We paid $0.8 million and $1.4 million, respectively, in premiums to the U.S. postretirement benefit plan during the three-month and six-month periods ended June 30, 2021, respectively. During the three-month and six-month periods ended June 30, 2020, we paid $0.8 million and $1.5 million, respectively, in premiums to the U.S. postretirement benefit plan.

NOTE 13—Fair Value of Financial Instruments:
In assessing the fair value of financial instruments, we use methods and assumptions that are based on market conditions and other risk factors existing at the time of assessment. Fair value information for our financial instruments is as follows:
Long-Term Debt—the fair values of our notes are estimated using Level 1 inputs and account for the difference between the recorded amount and fair value of our long-term debt. The carrying value of our remaining long-term debt reported in the accompanying condensed consolidated balance sheets approximates fair value as substantially all of such debt bears interest based on prevailing variable market rates currently available in the countries in which we have borrowings.

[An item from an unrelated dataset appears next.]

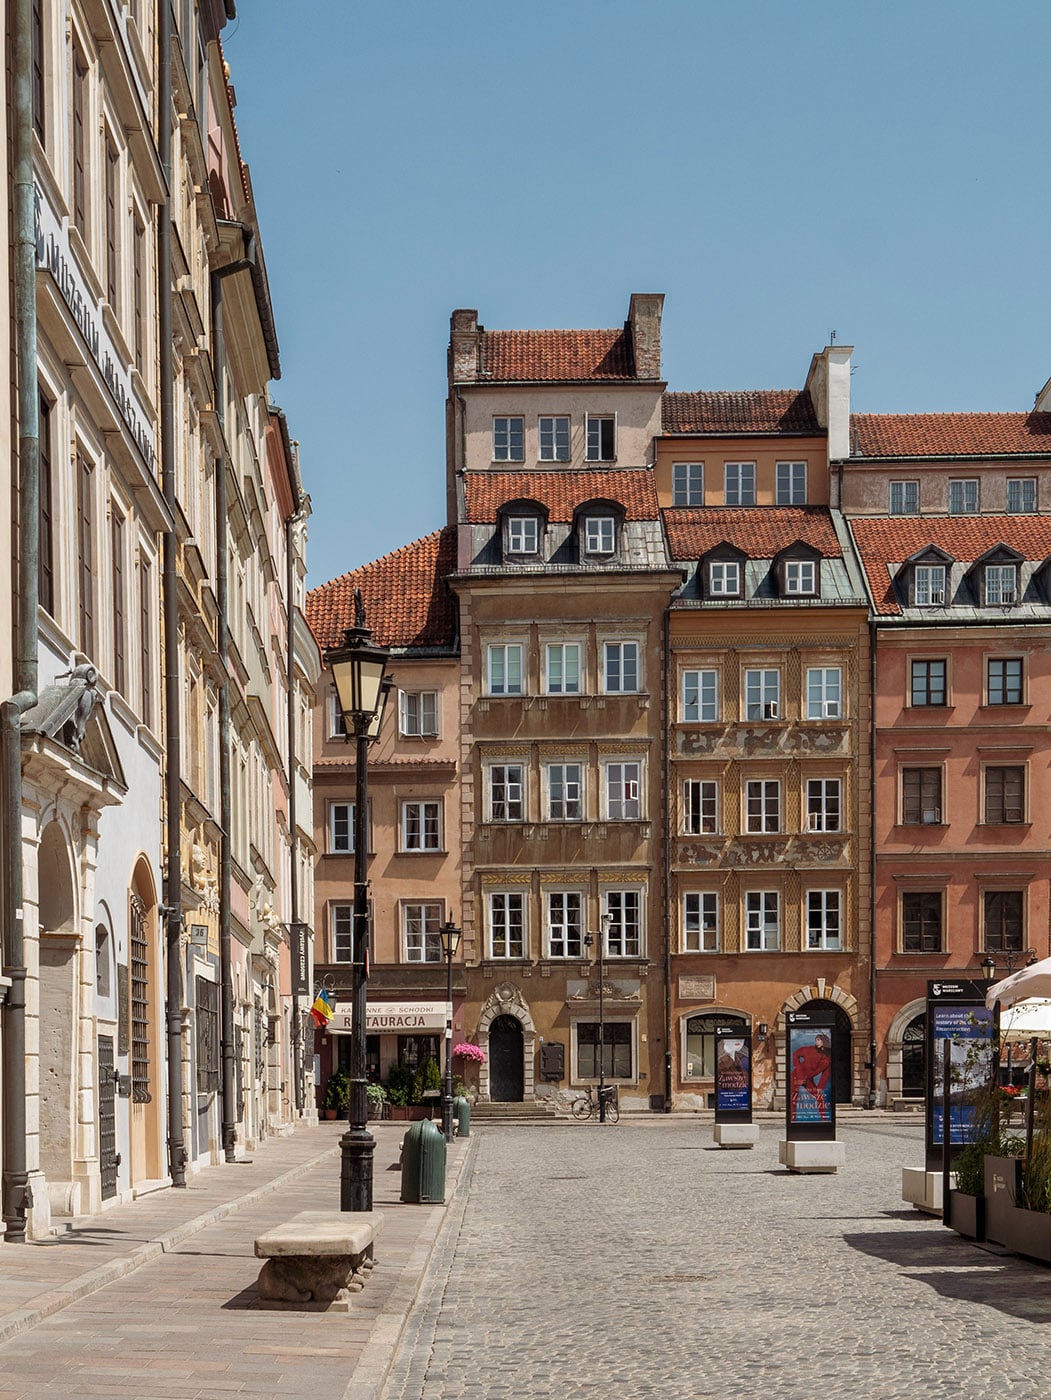 The 10th most beautiful photo spots in Warsaw 3

June 30, 2021 December 31, 2020
Recorded
Amount
Fair Value Recorded
Amount
Fair Value
(In thousands)
Long-term debt $ 2,056,328  $ 2,259,180  $ 3,588,157  $ 3,783,225 
Foreign Currency Forward Contracts—During the fourth quarter of 2019, we entered into a foreign currency forward contract to hedge the cash flow exposure of non-functional currency purchases during the construction of the Kemerton plant in Australia. This derivative financial instrument is used to manage risk and is not used for trading or other speculative purposes. This foreign currency forward contract has been designated as a hedging instrument under ASC 815, Derivatives and Hedging. At June 30, 2021 and December 31, 2020, we had outstanding designated foreign currency forward contracts with notional values totaling the equivalent of $158.0 million and $75.4 million, respectively.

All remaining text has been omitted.